The surrogate construction uses all available data, including
derivatives, not only function evaluations. Include the keyword
:dakkw:`model-surrogate-global-use_derivatives` to indicate the
availability of derivative information. When specified, the user can
then enable response derivatives, e.g., with
:dakkw:`responses-numerical_gradients` or
:dakkw:`responses-analytic_hessians`. More details on using gradients
and Hessians, when available from the simulation can be found in
:dakkw:`responses`.

The features of the current (Voronoi) piecewise decomposition choice are
further explained below:

-  In the Voronoi piecewise decomposition option, we decompose the
   high-dimensional parameter space using the implicit Voronoi
   tessellation around the known function evaluations as seeds. Using
   this approach, any point in the domain is assigned to a Voronoi cell
   using a simple nearest neighbor search, and the neighbor cells are
   then identified using Spoke Darts without constructing an explicit
   mesh.

-  The one-to-one mapping between the number of function evaluations and
   the number of Voronoi cells, regardless of the number of dimensions,
   eliminates the curse of dimensionality associated with standard
   domain decompositions. This Voronoi decomposition enables low-order
   piecewise polynomial approximation of the underlying function (and
   the associated error estimate) in the neighborhood of each function
   evaluation, independently. Moreover, the tessellation is naturally
   updated with the addition of new function evaluations.

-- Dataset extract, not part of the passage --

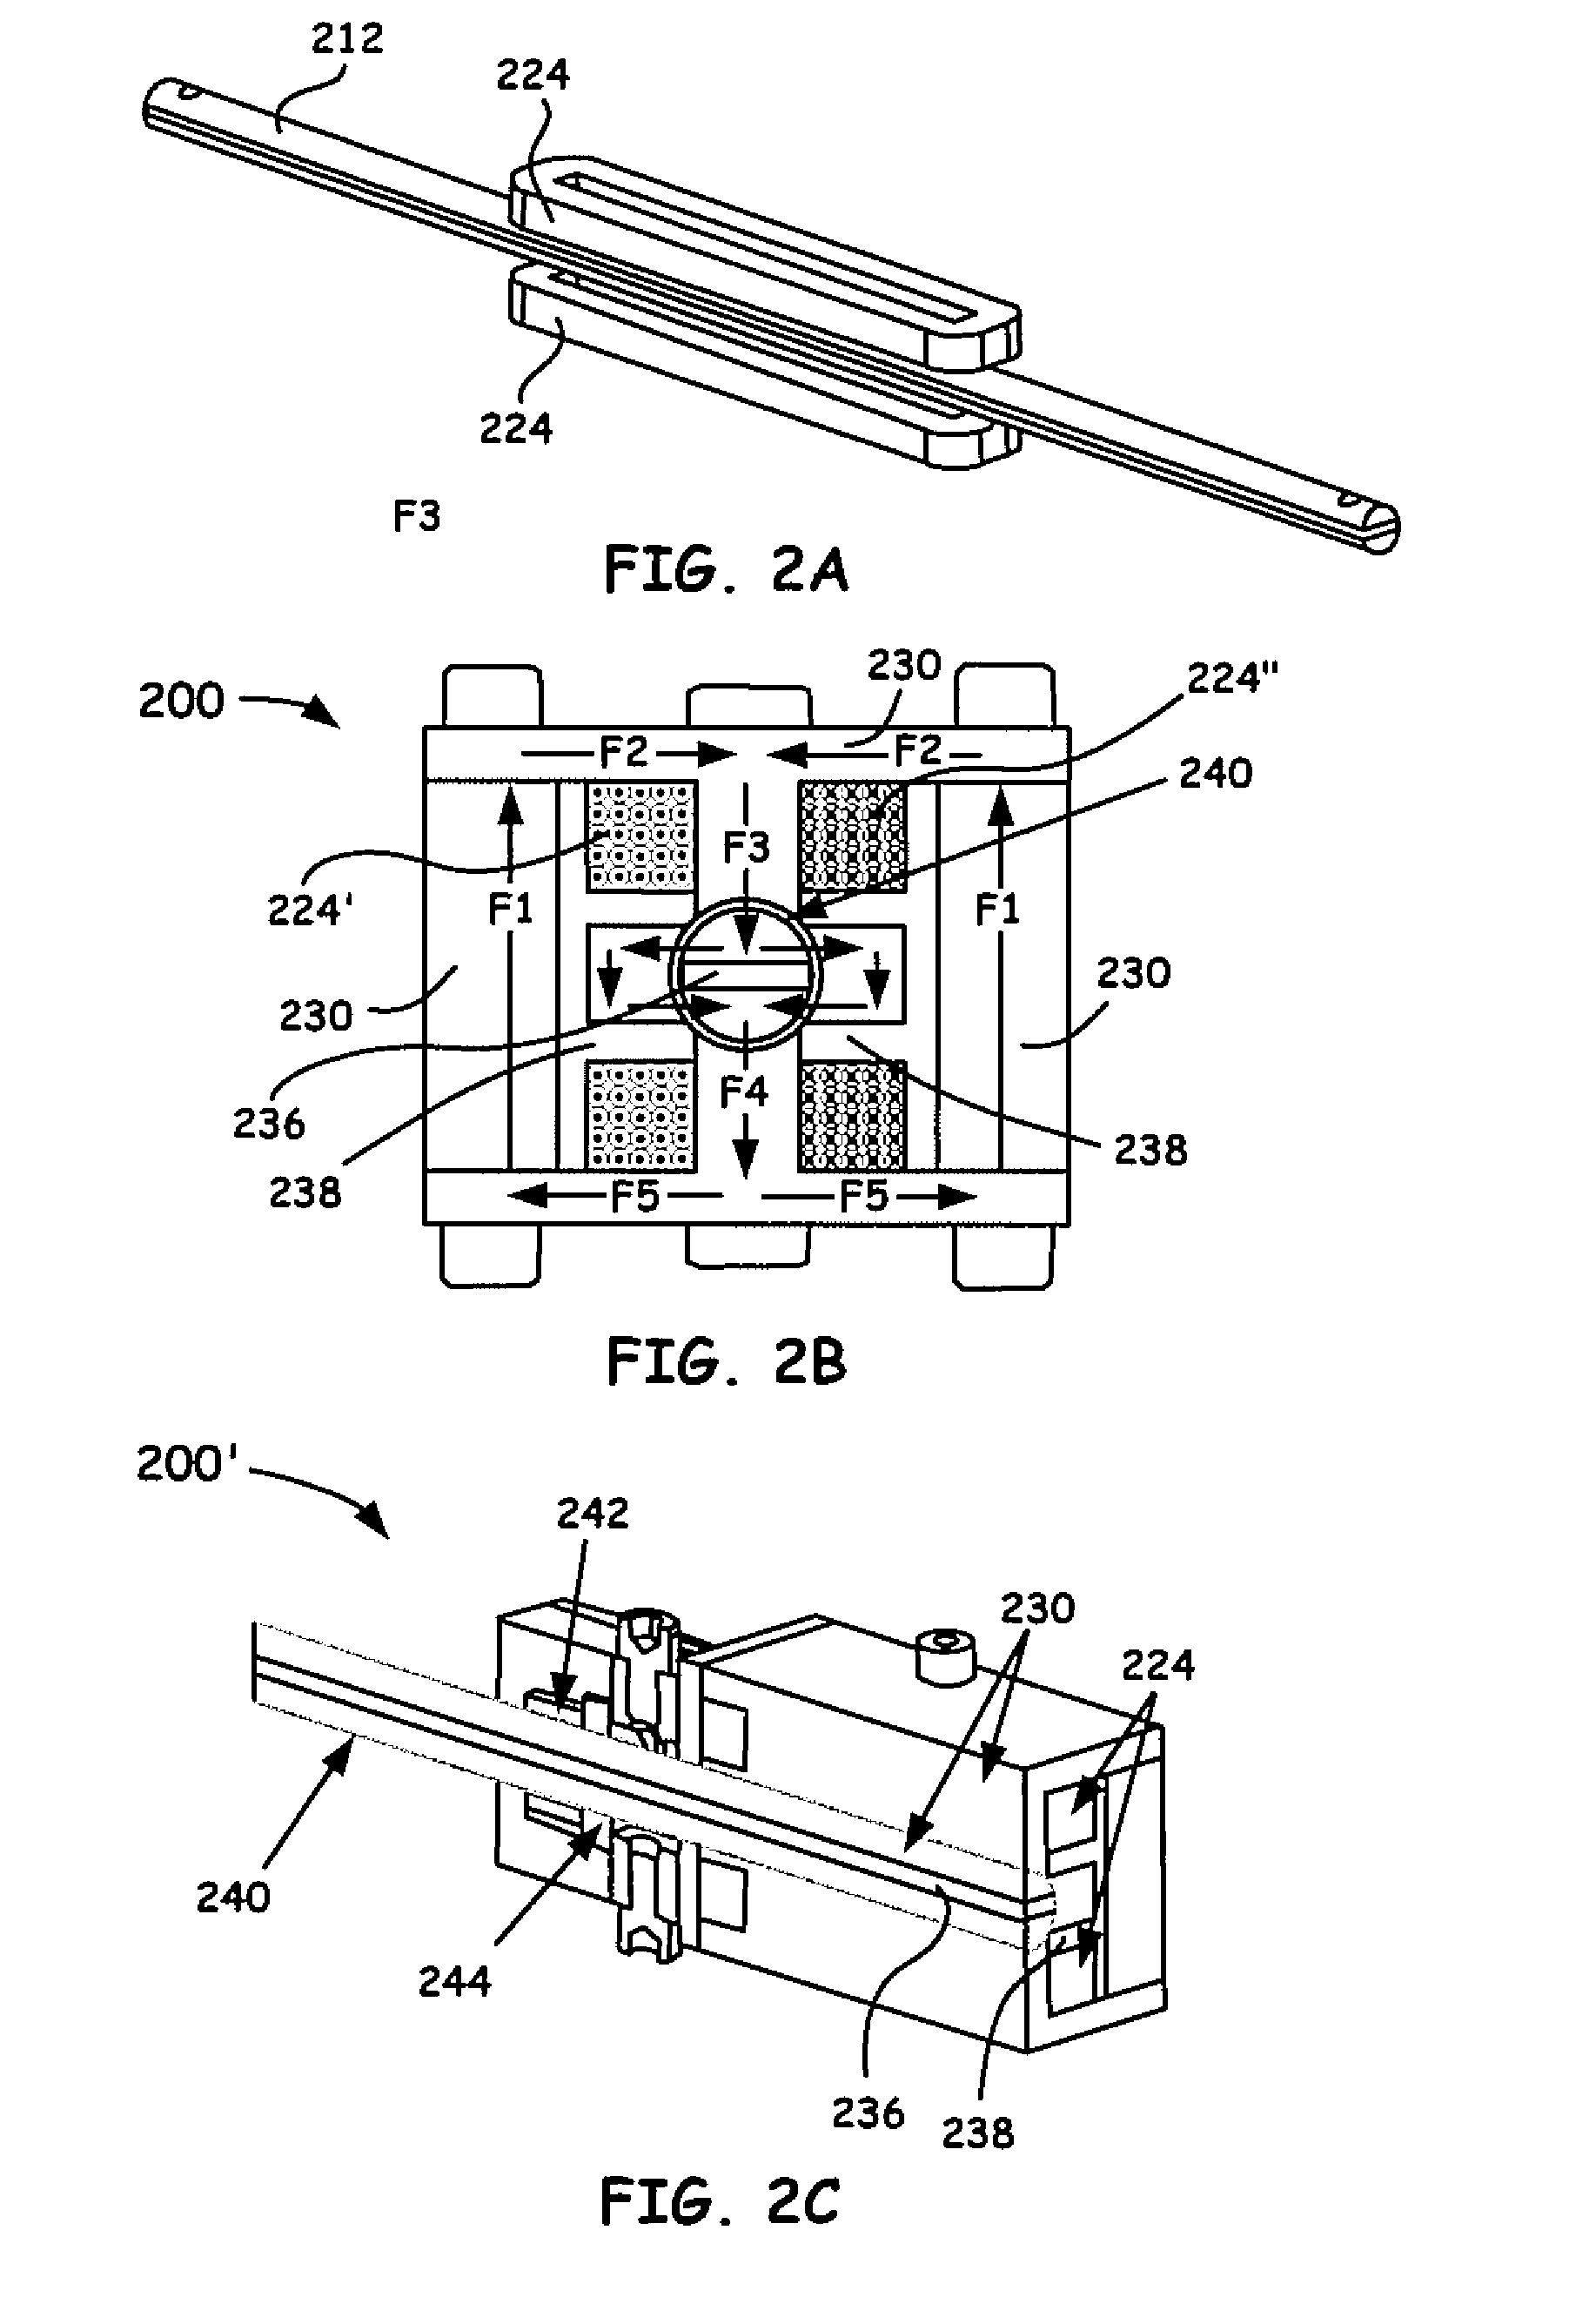 Linear mr-brake as a high force and low off-state friction actuator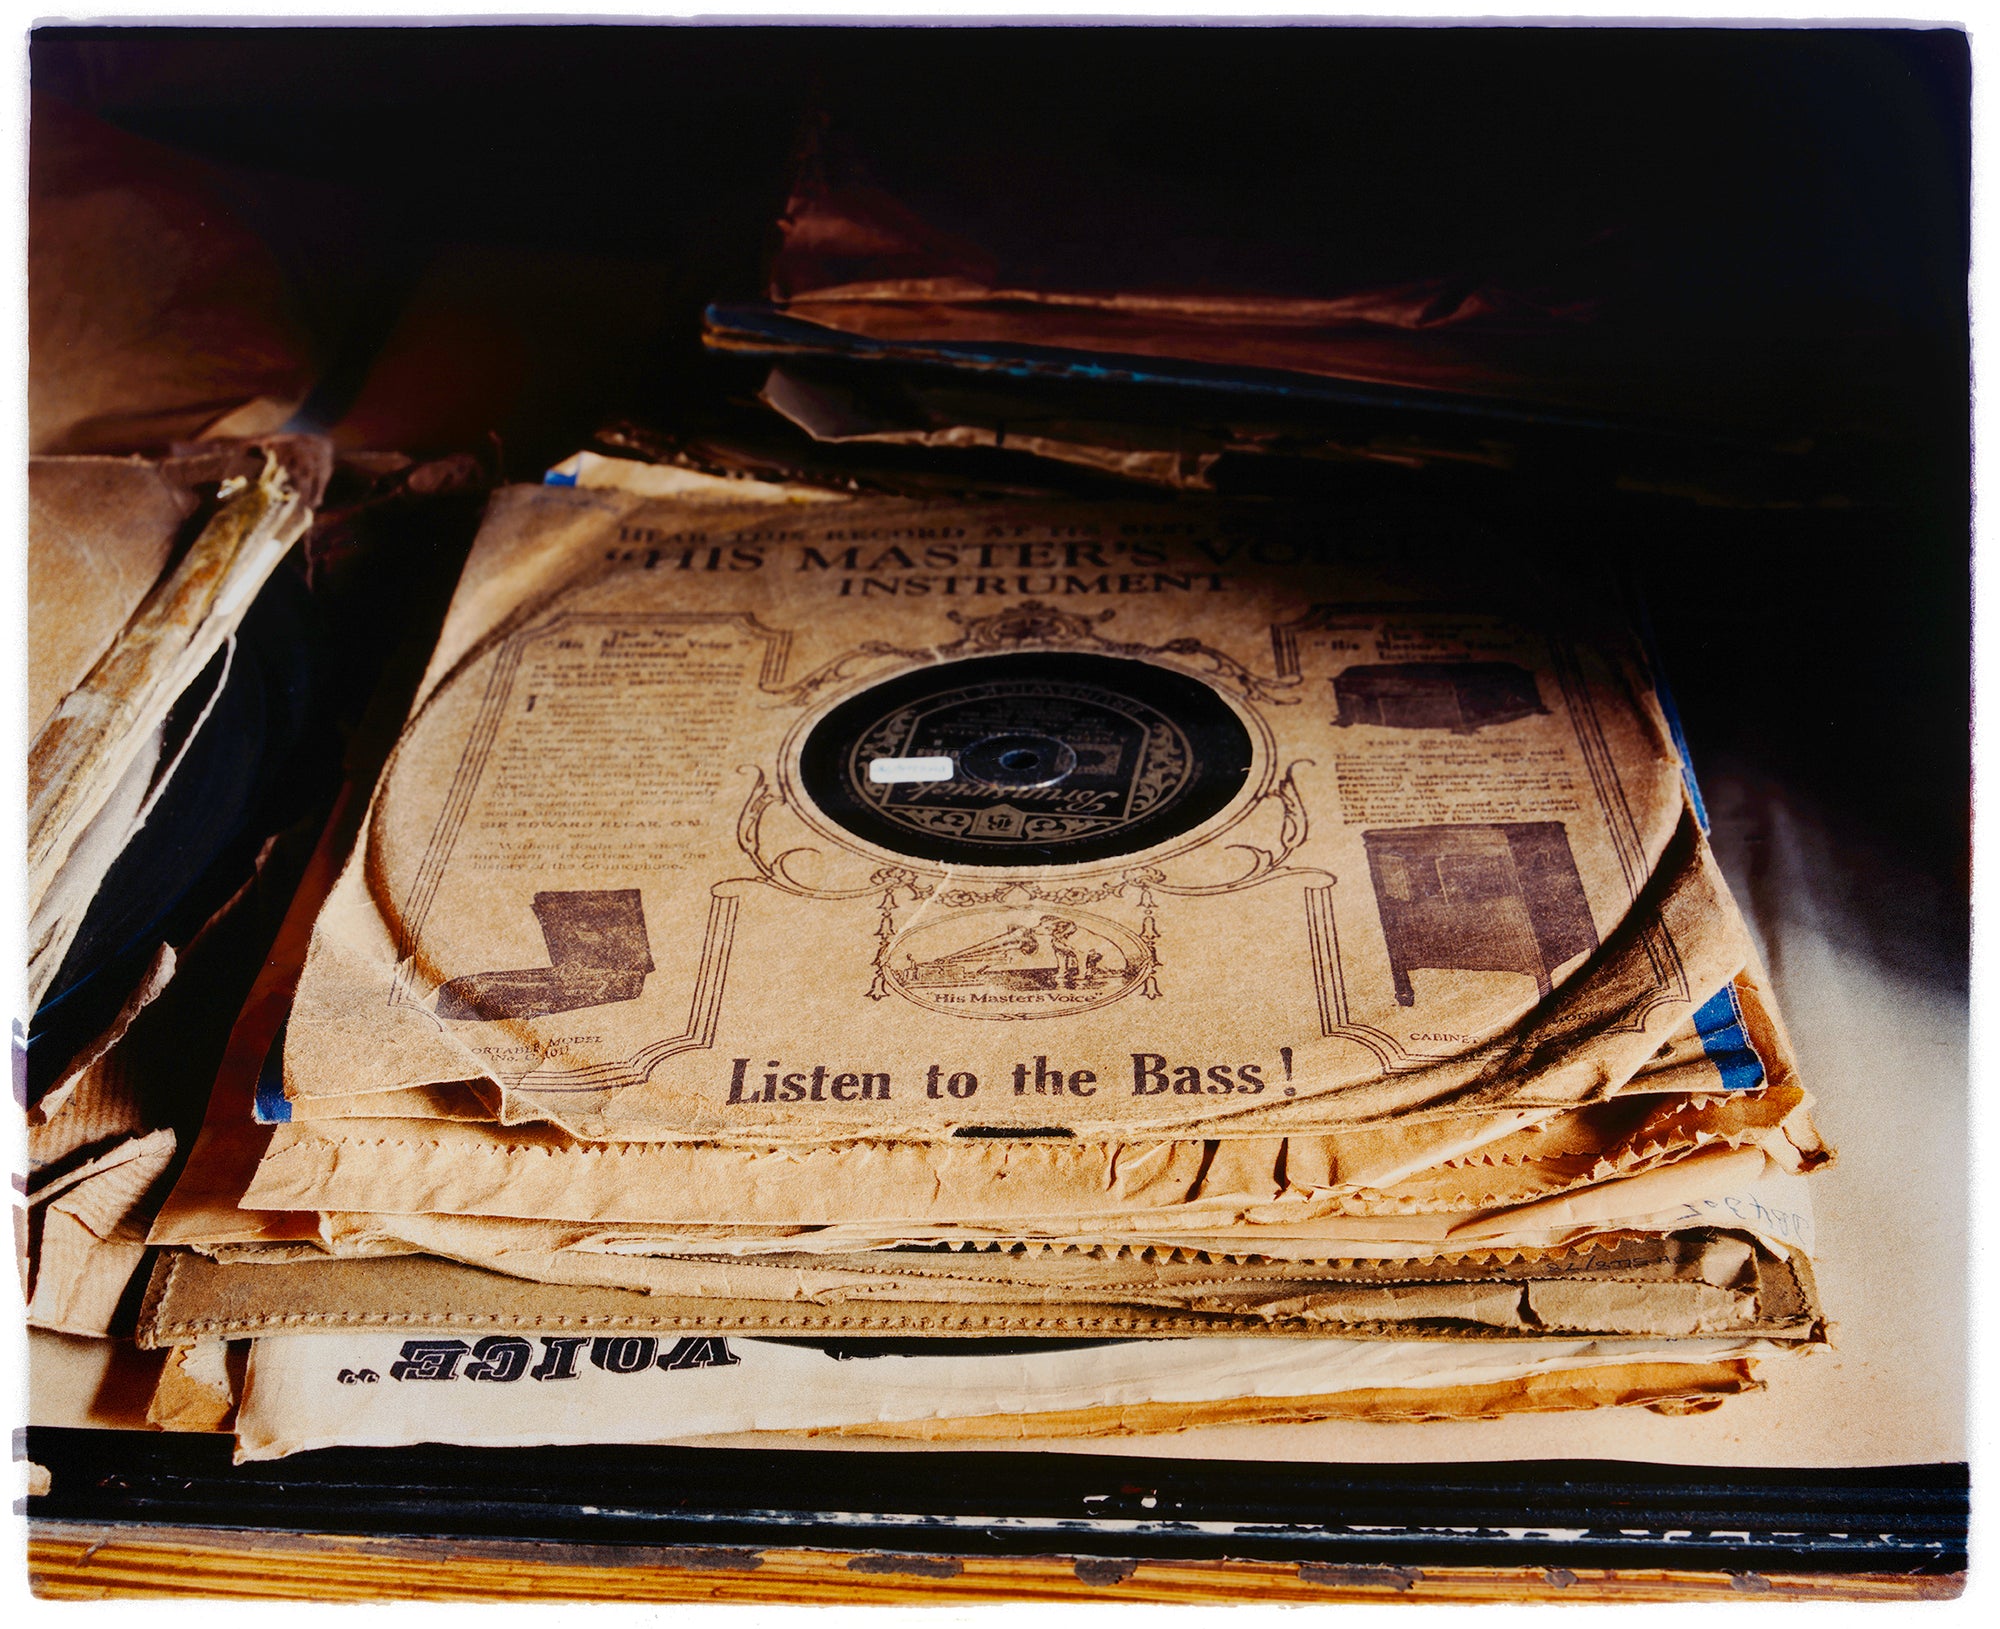 A vintage vinyl record collection in a pile, on the top is His Masters Voice, Listen to the Bass, photograph by Richard Heeps.

Extending the piecewise decomposition option to other global surrogate
models is under development.

.. _`models:surf:diagnostics`:

Surrogate Diagnostic Metrics
^^^^^^^^^^^^^^^^^^^^^^^^^^^^

The surrogate models provided by Dakota’s Surfpack package (polynomial,
Kriging, ANN, MARS, RBF, and MLS) as well as the experimental surrogates
include the ability to compute diagnostic metrics on the basis of (1)
simple prediction error with respect to the training data, (2)
prediction error estimated by cross-validation (iteratively omitting
subsets of the training data), and (3) prediction error with respect to
user-supplied hold-out or challenge data. All diagnostics are based on
differences between :math:`o(x_i)` the observed value, and
:math:`p(x_i)`, the surrogate model prediction for training (or omitted
or challenge) data point :math:`x_i`. In the simple error metric case,
the points :math:`x_i` are those used to train the model, for cross
validation they are points selectively omitted from the build, and for
challenge data, they are supplementary points provided by the user. The
basic metrics are specified via the
:dakkw:`model-surrogate-global-metrics` keyword, followed by one or
more of the strings shown in :numref:`table:model:diagnostics`.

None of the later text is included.